Emotions definitions
The examination of these studies highlights some key issues and limitations in how emotions have been conceptualized and defined within requirements engineering research. It was noticed that many of the papers lack clear, rigorous definitions regarding the central construct of emotion. Most studies did not provide explicit definitions, and those that did offer some characterization that describe emotions in broad, imprecise terms such as subjective experiences or internal states.

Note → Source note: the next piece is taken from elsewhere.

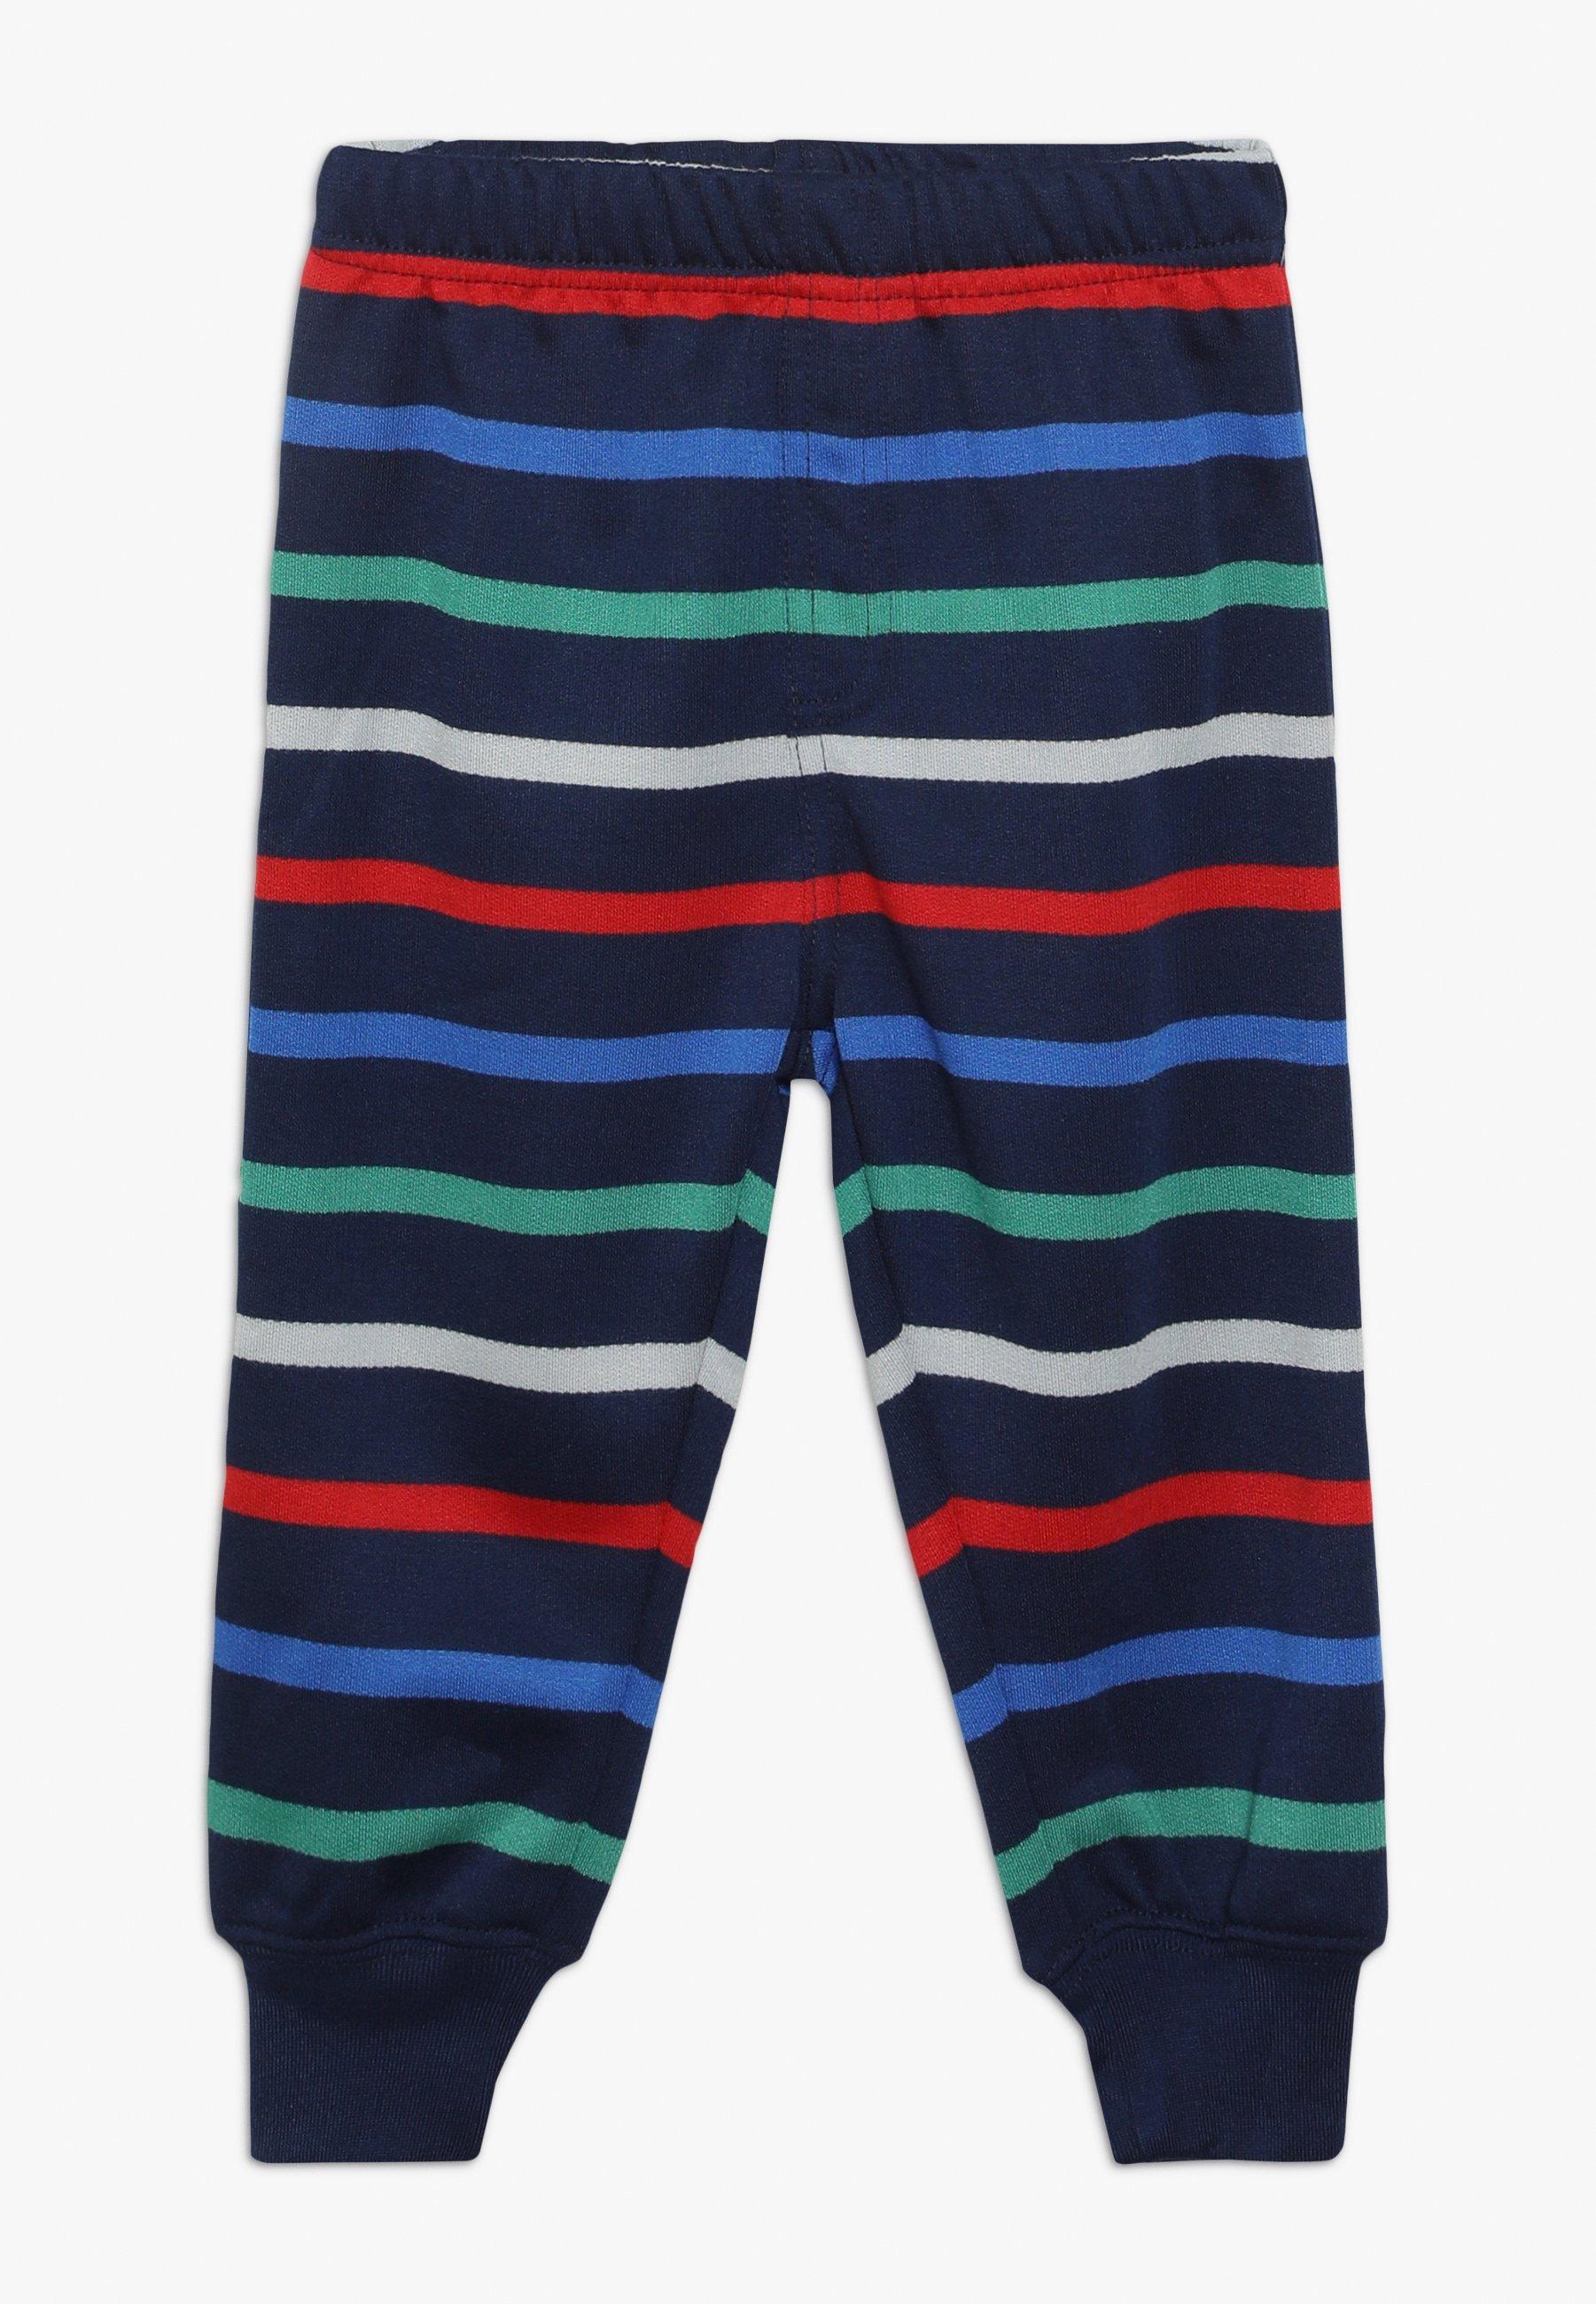 Niesamowita cena Zakupy GAP TODDLER BOY - Piżama - modern red | Dzieci Odzież 2020 lh2jM

The reviewed studies reveal several key conceptual perspectives on emotions in requirements engineering and human–computer interaction research. The valence dimension provides a useful starting point for differentiating between positive and negative emotions to understand their potential impact on users’ experiences and reactions. However, this binary categorization has limitations in capturing the complexity of emotional states.
Incorporating arousal as an additional dimension aids in characterizing emotions based on intensity as well as valence (Alkhomsan, Baslyman & Alshayeb, 2022). However, some critics argue that discrete categories cannot fully represent the fluid, dynamic nature of emotions. Appraisal theories address this by defining emotions as context-dependent intuitive reactions shaped by subjective evaluations of events, agents, or objects (Roseman & Smith, 2001; Sherkat et al., 2018; Callele, Neufeld & Schneider, 2009a; Callele, Neufeld & Schneider, 2008c; Callele, Neufeld & Schneider, 2006; Callele, Neufeld & Schneider, 2008a; Callele, Neufeld & Schneider, 2009b; Callele, Neufeld & Schneider, 2008b). This aligns with psychological constructionist views.
The theory of constructed emotion further proposes that emotions emerge from the neurocognitive processing of goals, prior experiences, and situational factors (Taveter et al., 2019; Taveter & Iqbal, 2021; Taveter & Iqbal, 2021). Rather than fixed internal states, emotions are constructed transiently based on the interaction between the individual and their environment. This dynamical systems perspective resonates with trends in psychology emphasizing contextualized, embodied cognition. Linking emotions to Norman’s reflective level of design also highlights their close ties to sociocultural meanings, values, and purposes (Miller et al., 2015). The paper argues that explicitly incorporating this level in requirements engineering can better capture emotional goals. Differentiating personal versus context-specific emotions further underscores the need for a multi-perspective approach.
The reviewed studies show an evolution in how emotions are conceptualized, moving away from static, decontextualized models towards more dynamic, constructivist perspectives aligned with modern affective science. This reflects a shift from viewing emotions as fixed internal states to seeing them as complex experiences constructed through processing goals, contexts, and prior interactions. Synthesizing diverse conceptual lenses provides a more detailed and multi-layered foundation for engaging with emotions in technology design and requirements engineering. Further interdisciplinary integration can enhance approaches to capturing emotional factors that shape human-technology relationships. Overall, the field displays progress in developing more holistic, human-centered understandings of the role of emotions.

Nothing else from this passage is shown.